SEI Trade streamlines the end-to-end processing of investor activities, allowing investor relations teams, in particular, to review, approve, track and take delivery of subscription documentation, KYC/AML requirements and supporting documentation.
"At this stage we're trying to work out how blockchain could plug in to other technologies on the SEI platform. We're doing this in discussions with clients to see if there could be some mutual benefit, or whether it makes more sense for us to use it internally to deliver information to our clients. Whether or not it has applicability today, it's important for us to keep ahead of these developments from an innovation perspective."
Undoubtedly, the continued adoption of digital platforms and the growing phenomenon that is the Internet of Things – where everything from TVs to toasters and fridge freezers will all be connected to the internet – will facilitate the rapid development of blockchain technologies.
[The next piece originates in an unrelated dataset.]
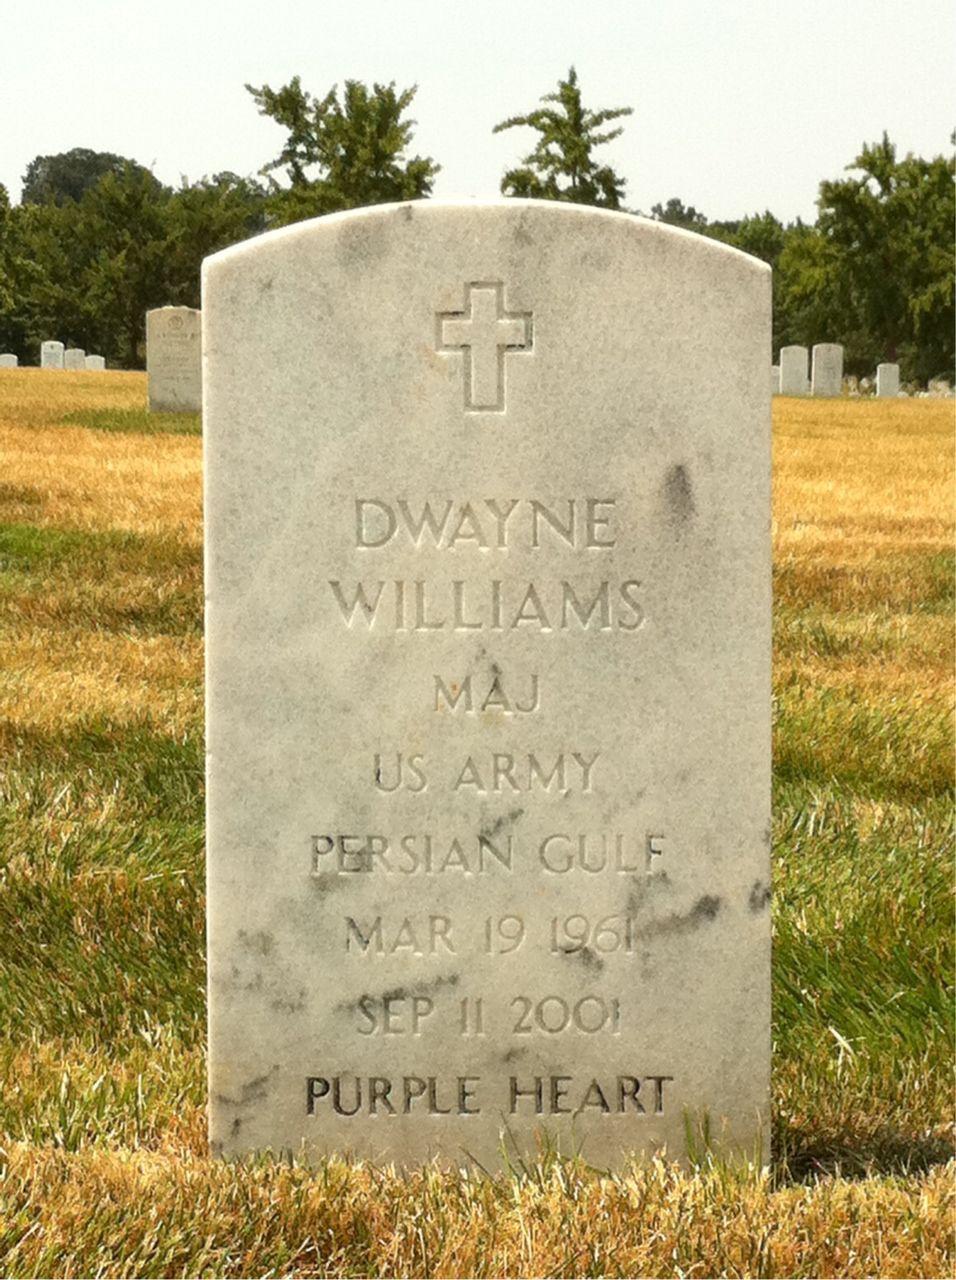 Dwayne Williams Headstone 090921.Jpeg

Although the technology is still in its nascent phase, the opportunities are limitless.
Walmart6, for example, has filed a US patent for a system designed to manage drone deliveries using blockchain-like distributed ledger technology. Like the loan securitisation example, the distributed ledger would store information unique to each package such as its location, its contents, etc. Impediments such as regulation and consumer acceptance, however, mean that mainstream adoption is unlikely to occur before 2020.
Nevertheless, it shows what could be possible. The only restriction facing financial institutions is the limit of their imagination.
Those who take the time to consider how to bring blockchain technology into an ecosystem that could transform business have the best chance of becoming pioneers in this arena. And that means involving senior decision makers in the process, not just IT professionals.
Agreeing with Warren, InsightChain's Dolan comments: "Putting together an ecosystem with agreed rules is probably the hardest part of this whole equation, not necessarily the technical implementation. A lot of people have misconceptions and are incapable of seeing the power that a blockchain ecosystem could have on their organisation.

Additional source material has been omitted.